During the British Mandate, the Greek Orthodox community of Palestine engaged in two bitter struggles: the national struggle with the British-supported Zionist movement for Palestine and the communal struggle with the Greek hierarchy for control of the church. By the end of the Mandate, both struggles had ended in defeat, with Palestine lost and Greek control of the church undiminished. This article focuses on the second of these struggles, while highlighting the links that joined them.
The conflict between the Greek hierarchy and the Arab laity and lower clergy within the Greek Orthodox church in Palestine, though arguably dating to the sixteenth century, acquired greater salience in the late Ottoman period. Orthodox Arabs vocally asserted demands for “Arabizing” the liturgy and church administration against a background of centralizing Ottoman reform, great-power rivalries, and widespread social, economic, and cultural change. Although these demands had evident political and nationalist overtones, it was not until the British Mandate that the Arab Orthodox leaders— already disproportionately prominent in the Palestinian national movement and cultural elite—adopted the organizational forms, rhetoric, and goals of the broader national movement.
The question of the political self-identification of the Orthodox community (or, indeed, the Christian communities generally) has been neglected in academic writings on Palestinian nationalism. The only scholarly work devoted solely to the question of Arab Christian political activity during the Mandate period, that of Daphne Tsimhoni, views any Arab Christian political participation as perpetually conditional on an acceptance of “the marginal and secondary position to which they were doomed as the result of being a religious minority group.” This assumption that there was a fundamental, permanent, and unchanging divide between Palestinian Muslims and Christians, and the concomitant treatment of Christians as an essentialized and unproblematic category, needs challenging. More recently, such scholars as Issa Khalaf, Rashid Khalidi, and Ted Swedenburg have emphasized the multiple identities of Palestinians during the Mandate, but none have focused on the mechanics of the construction of new Christian communal identities or how they were deployed politically.
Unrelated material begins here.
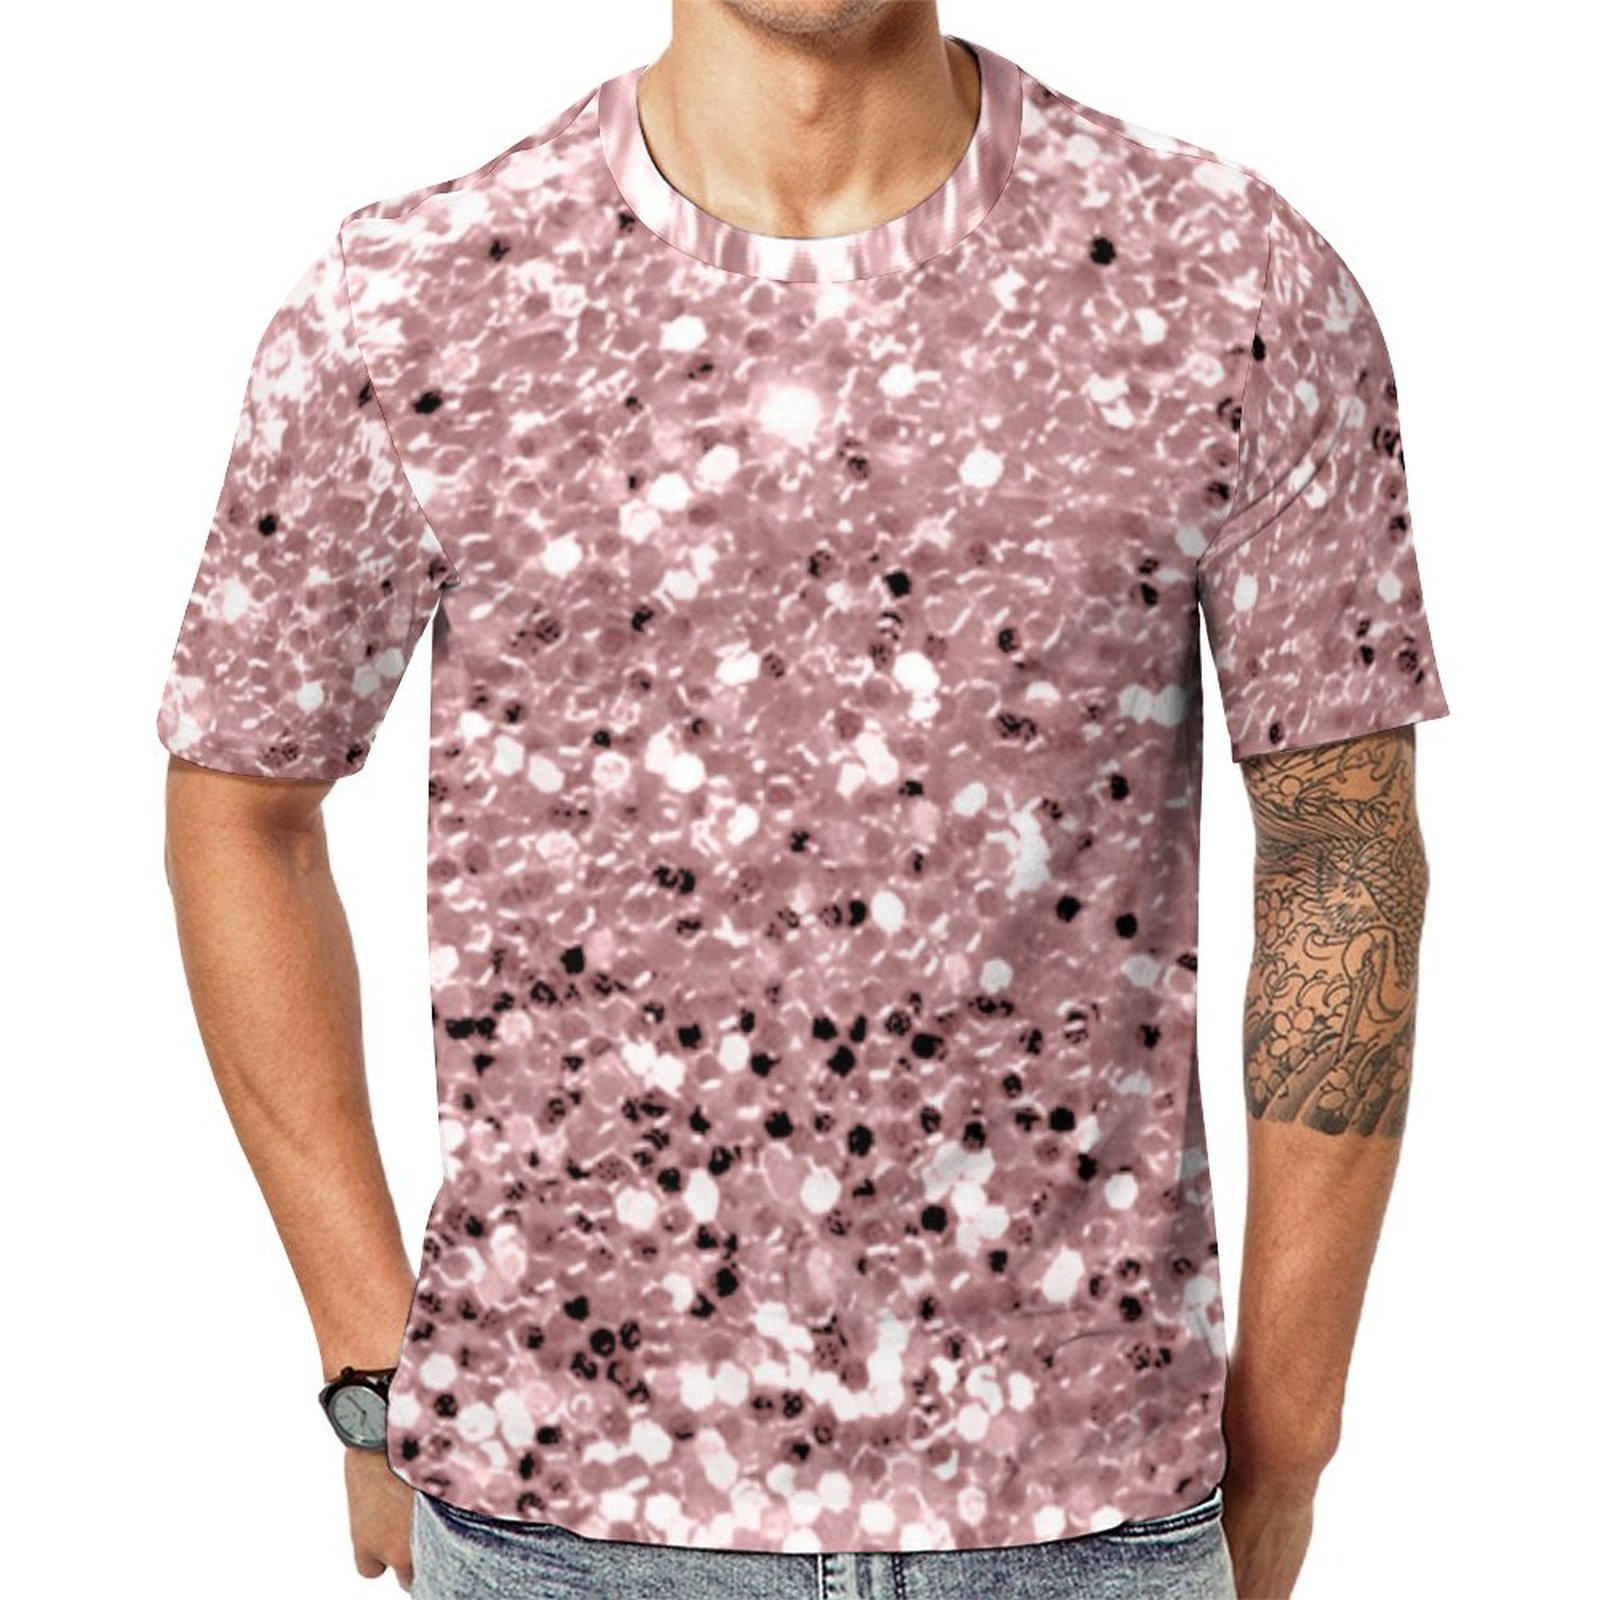 Glitter Stylist Fashion Sequin Blush Pink Rose Short Sleeve Print Unisex Tshirt Summer Casual Tees for Men and Women Coolcoshirts

This article uses the records of the Arab Orthodox Congresses, correspondence with the Mandate government, and contemporary journalism to argue that, during the Mandate, Arab Orthodox movement leaders adopted a newly politicized language, organization, and approach in an attempt to recast the Orthodox community and cause as central to Palestinian nationalism. Although the politicization of the Orthodox cause met with some dissent from prominent Orthodox figures, the alignment of the Orthodox and Palestinian national movements repositioned the Orthodox Christian minority as an integral part of the post-Ottoman Palestinian political landscape.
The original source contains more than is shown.